PERSPECTIVE: Societal.

INTERVENTION: Patients received tolvaptan therapy until death, development of ESRD, or liver complications or no tolvaptan therapy.

OUTCOME MEASURES: Median age at ESRD onset, life expectancy, discounted quality-adjusted life-years and lifetime costs (in 2010 U.S. dollars), and incremental cost-effectiveness ratios.

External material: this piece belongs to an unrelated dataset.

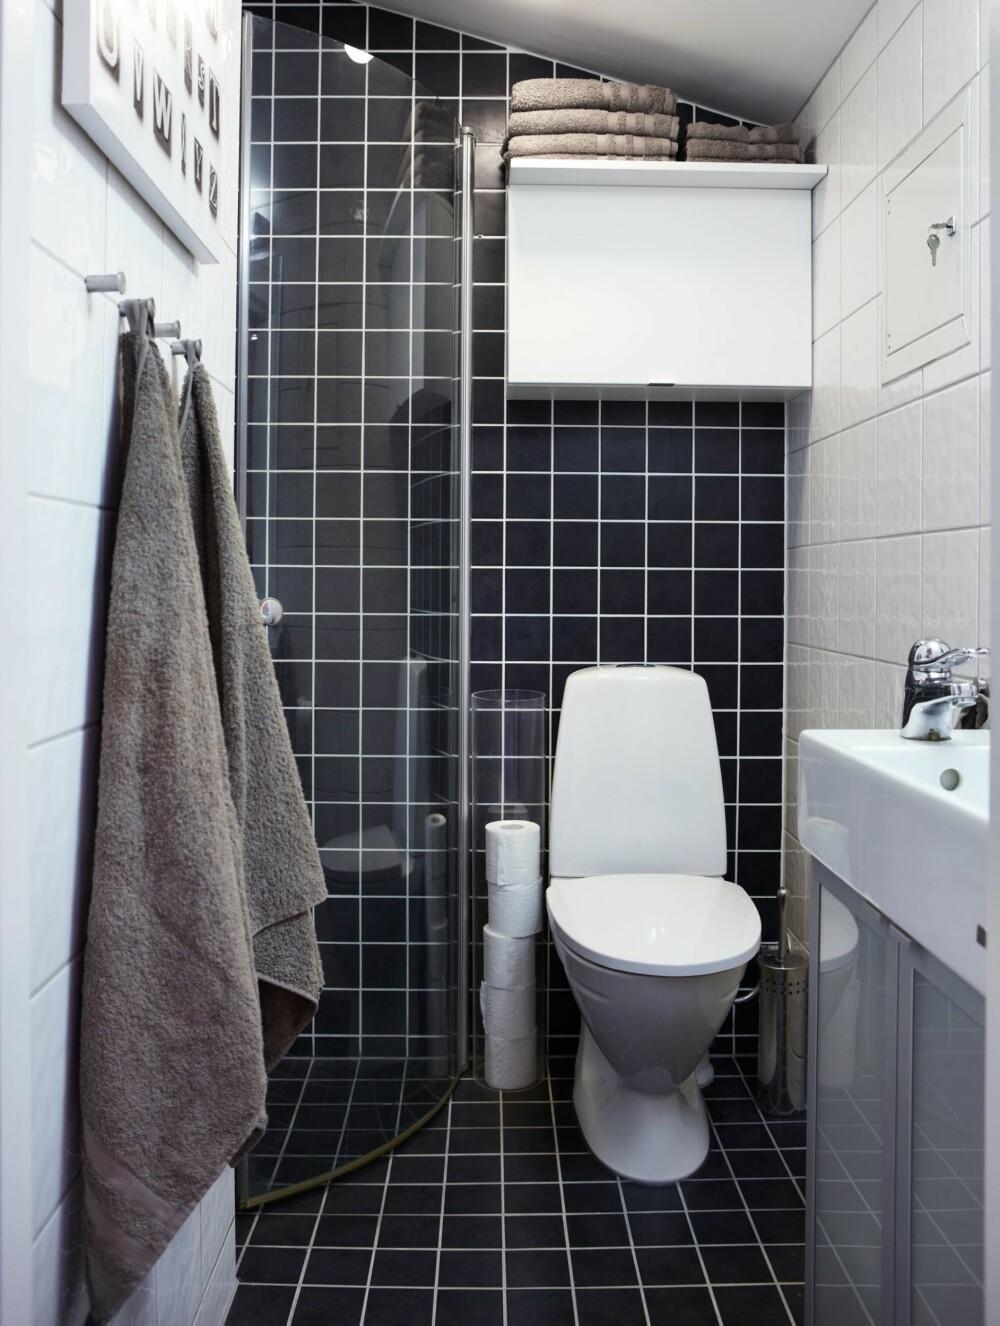 BRUK FARGE PÅ BAD: Den usedvanlig smale vasken, 20 x 70 cm, ble et funn for dette lille badet, den er fra Ikea. Ved dusjen er det montert en halvpart av et 90 cm dusjhjørne. Veggen er svingbar og kan dyttes helt inn mot veggen når dusjen ikke er i bruk. Nye, svarte fliser gir inntrykk av dybde i rommet.

RESULTS OF BASE-CASE ANALYSIS: Tolvaptan prolonged the median age at ESRD onset by 6.5 years and increased life expectancy by 2.6 years. At $5760 per month, tolvaptan cost $744 100 per quality-adjusted life-year gained compared with standard care.

RESULTS OF SENSITIVITY ANALYSIS: For patients with autosomal dominant polycystic kidney disease that progressed more slowly, the cost per quality-adjusted life-year gained was even greater for tolvaptan.

LIMITATION: Although TEMPO followed patients for 3 years, the main analysis assumed that clinical benefits persisted over patients' lifetimes.

CONCLUSION: Assuming that the benefits of tolvaptan persist in the longer term, the drug may slow progression to ESRD and reduce mortality rates. However, barring an approximately 95% reduction in price, cost-effectiveness does not compare favorably with many other commonly accepted medical interventions.

PRIMARY FUNDING SOURCE: National Institutes of Health and Agency for Healthcare Research and Quality.